One Apple A Dy #790 - how do I feel now?
ou know or can know so much about yourself.
You can measure your performances, check your heart rate anytime, get every possible health check, ask experts and know everything about your body and your health.
You can play memory and logic games, do intelligence tests, assess your personality, your behaviours or your emotional state, discover your learning style and learn everything about yourself, your abilities and traits.
You can know almost everything about yourself.
But do you ever ask yourself "How do I feel now?"
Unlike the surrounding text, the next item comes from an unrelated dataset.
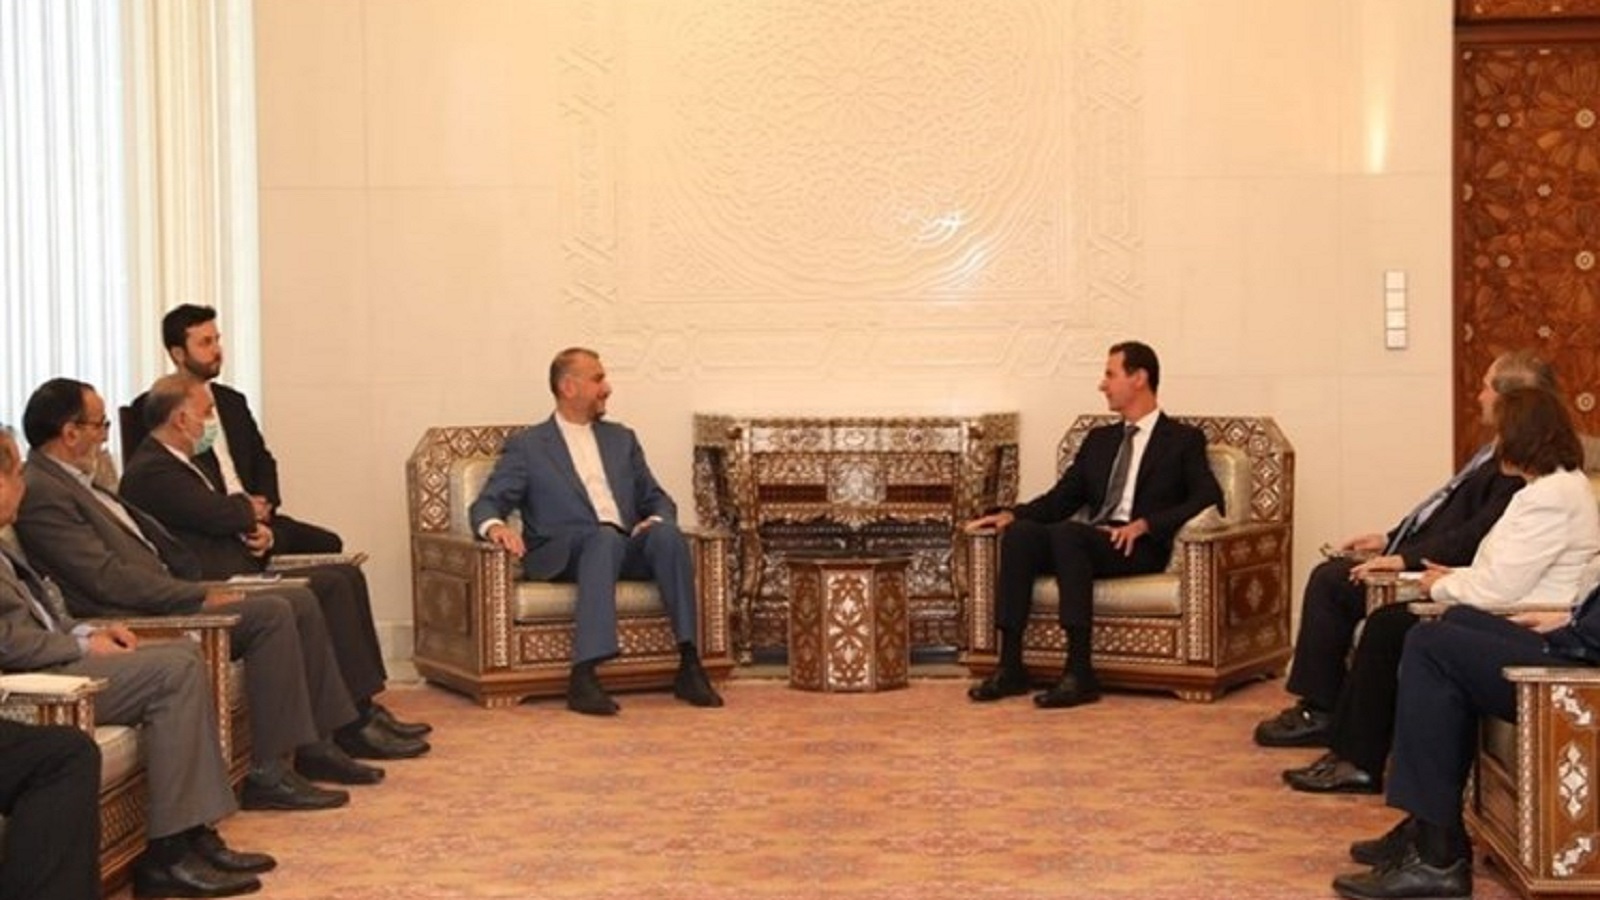 عبد اللهيان يعارض العملية التركية:الأسد يدعم الحوار مع تركيا

I'm a motorsport nut. In the last years, I've read many stories of tensions between the riders or drivers and their engineers. While the formers talk about feelings, the latter rely only on the numbers. When feelings and numbers go in different directions, tensions and conflicts arise. Unfortunately, because numbers are objective and easier to rationalise and explain, too often, they trump human feelings and sensations, even when results are poor.
In a way, we are trapped in the idea that if it can't be measured, it's not worth our attention. That famous quote from Peter Drucker, "what gets measured gets managed", unfortunately, expanded beyond business and in all aspects of life.
Ironically, Drucker never said that. And more ironically, those words are the first part of a sentence with which the journalist Simon Caulkin summarised a paper published by V. F. Ridgway in 1956.
"What gets measured gets managed — even when it's pointless to measure and manage it, and even if it harms the purpose of the organisation to do so."
Some things can't be measured, yet they really matter.
The challenge is to accept to know a little less and begin to feel a bit more every day. Just asking a simple question like "how do I feel now?"